Records to process.
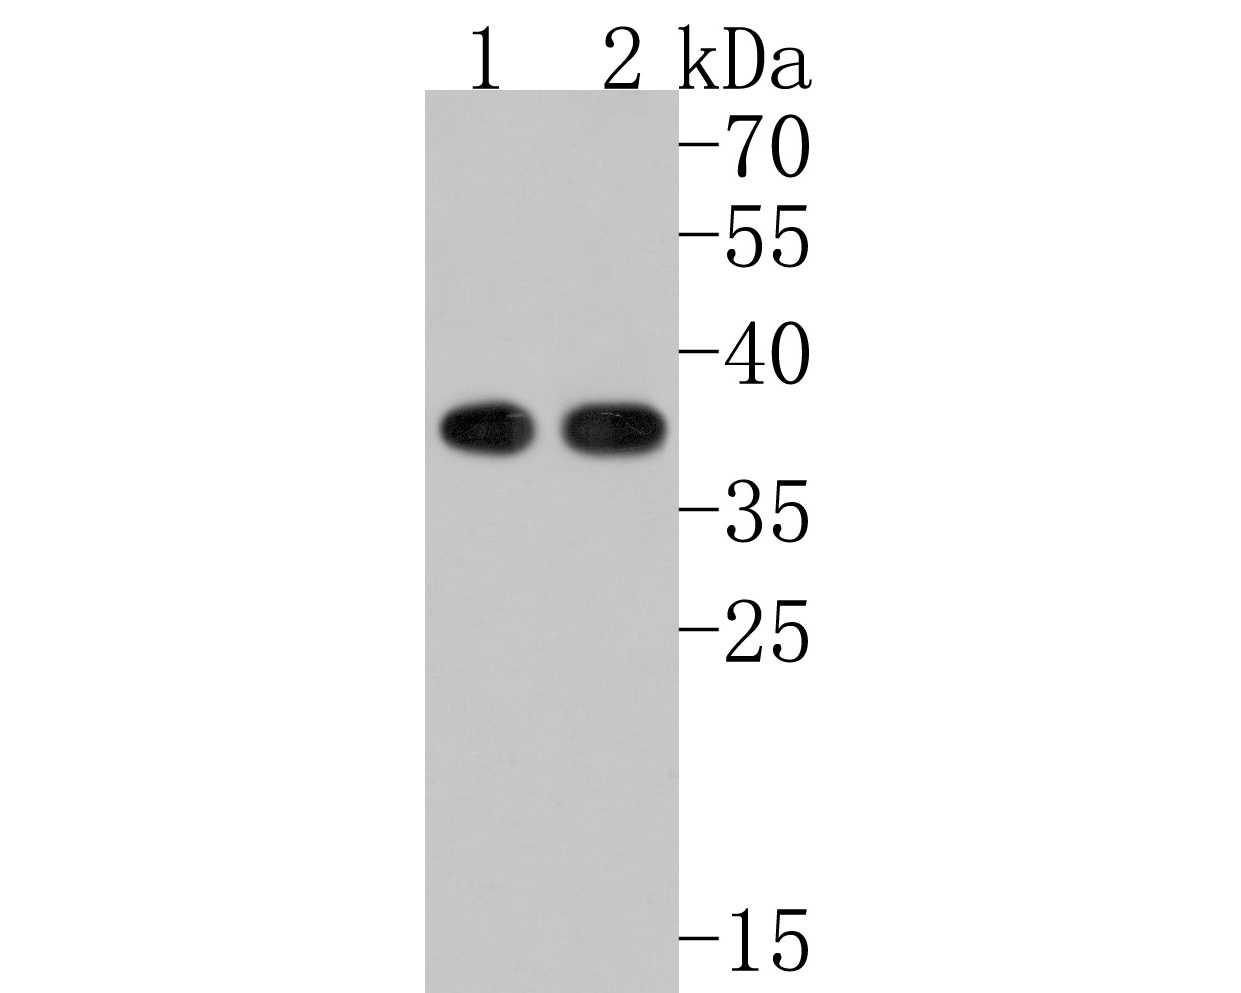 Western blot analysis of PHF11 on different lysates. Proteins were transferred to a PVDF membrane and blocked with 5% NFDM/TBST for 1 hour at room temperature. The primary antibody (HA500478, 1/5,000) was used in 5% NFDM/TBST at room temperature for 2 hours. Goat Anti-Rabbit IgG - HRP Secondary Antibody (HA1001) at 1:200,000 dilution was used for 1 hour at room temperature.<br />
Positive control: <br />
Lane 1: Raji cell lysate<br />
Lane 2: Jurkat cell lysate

==

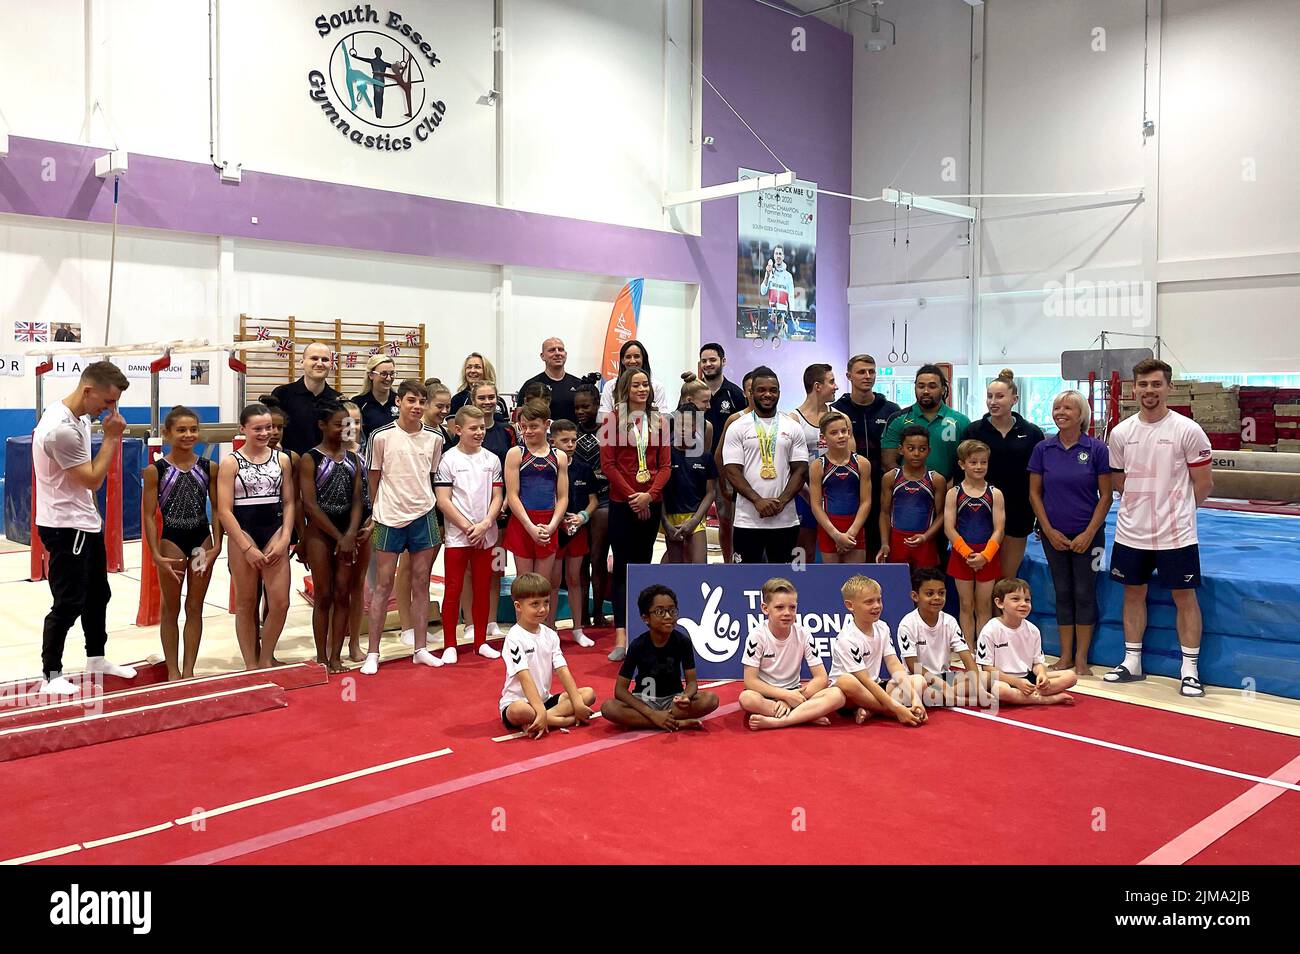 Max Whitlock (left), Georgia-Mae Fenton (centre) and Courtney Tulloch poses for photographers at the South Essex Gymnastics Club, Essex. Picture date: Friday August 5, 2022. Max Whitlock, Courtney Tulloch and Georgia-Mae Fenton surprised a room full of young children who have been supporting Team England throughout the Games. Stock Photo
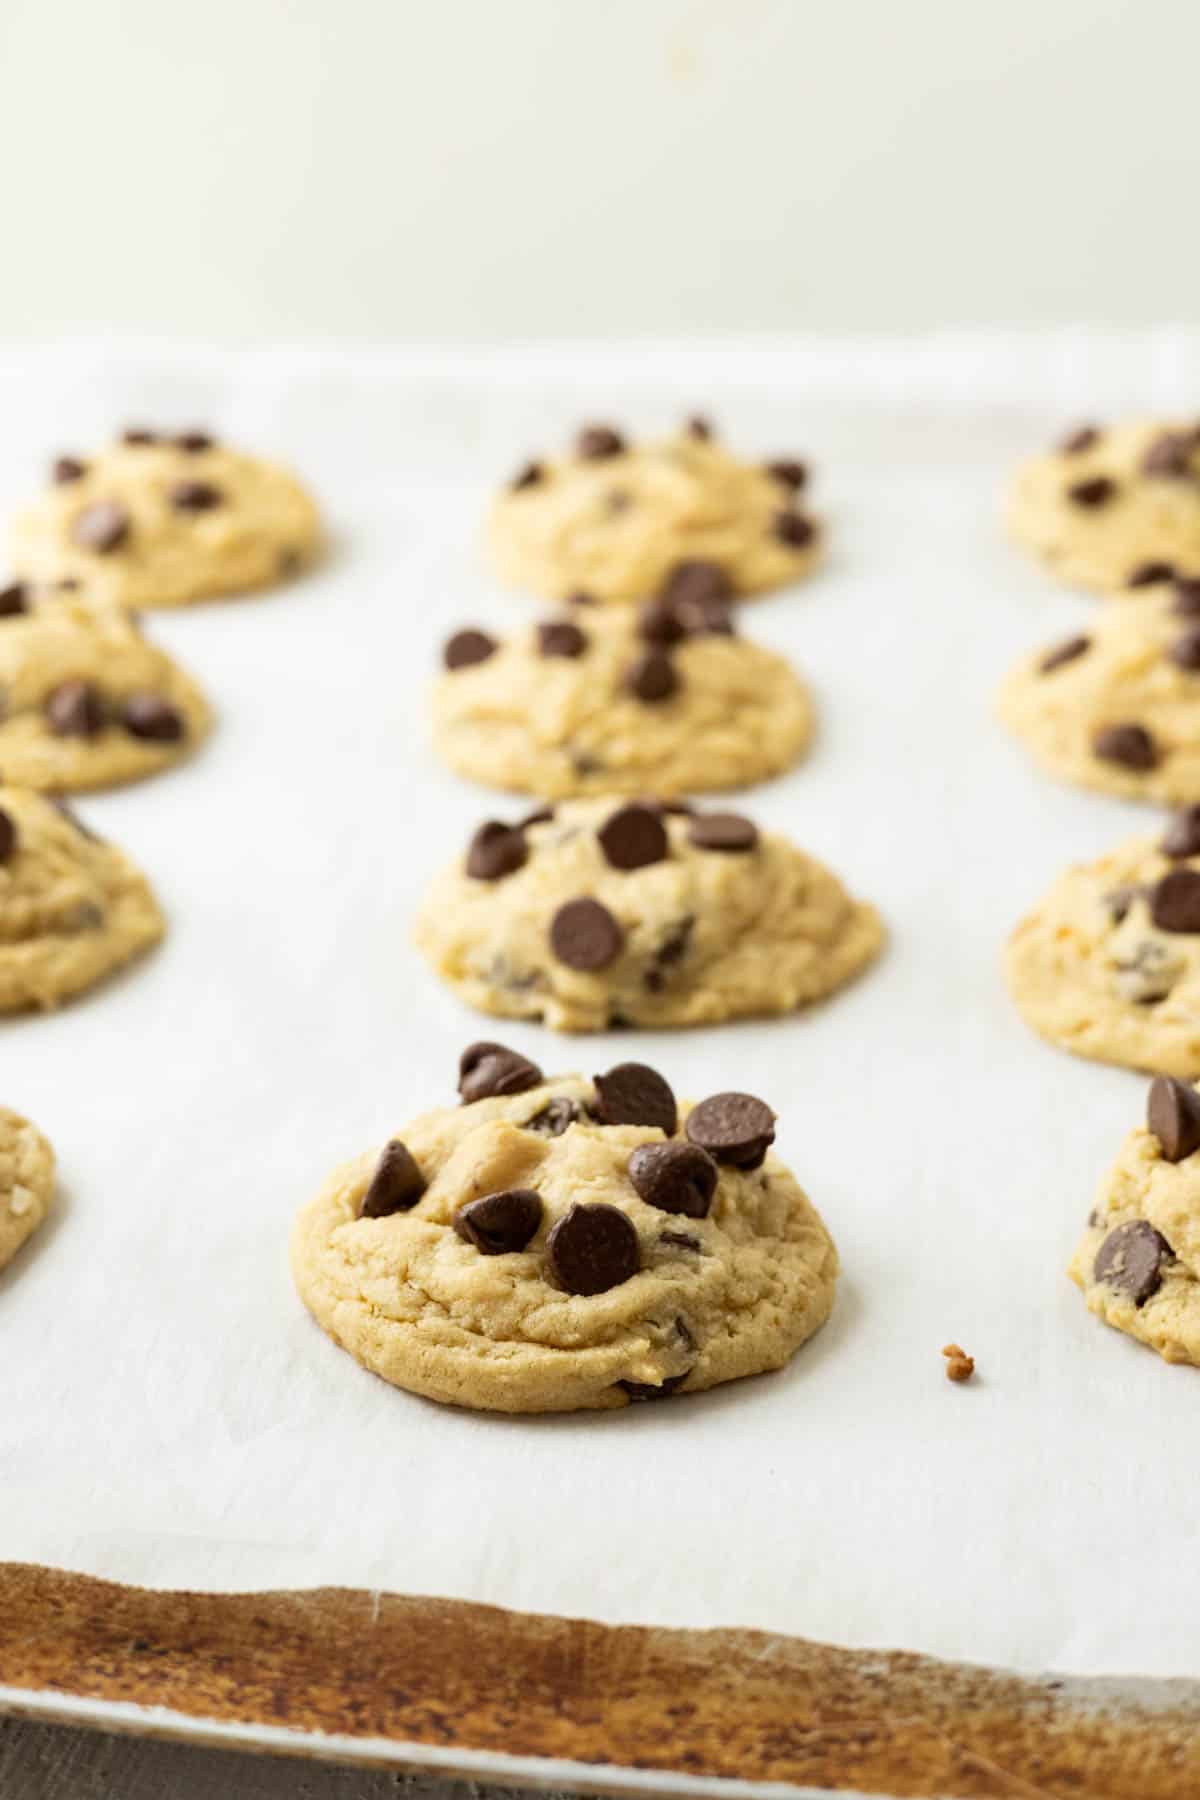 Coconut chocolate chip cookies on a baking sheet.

Task instructions.
Exact copy, no pictures. Write out the lines in the entries above, starting with the line with "Max Whitlock (left), Georgia-Mae" and going on through the line with "Coconut chocolate chip", keeping both.

Your solution.
 Max Whitlock (left), Georgia-Mae Fenton (centre) and Courtney Tulloch poses for photographers at the South Essex Gymnastics Club, Essex. Picture date: Friday August 5, 2022. Max Whitlock, Courtney Tulloch and Georgia-Mae Fenton surprised a room full of young children who have been supporting Team England throughout the Games. Stock Photo
 Coconut chocolate chip cookies on a baking sheet.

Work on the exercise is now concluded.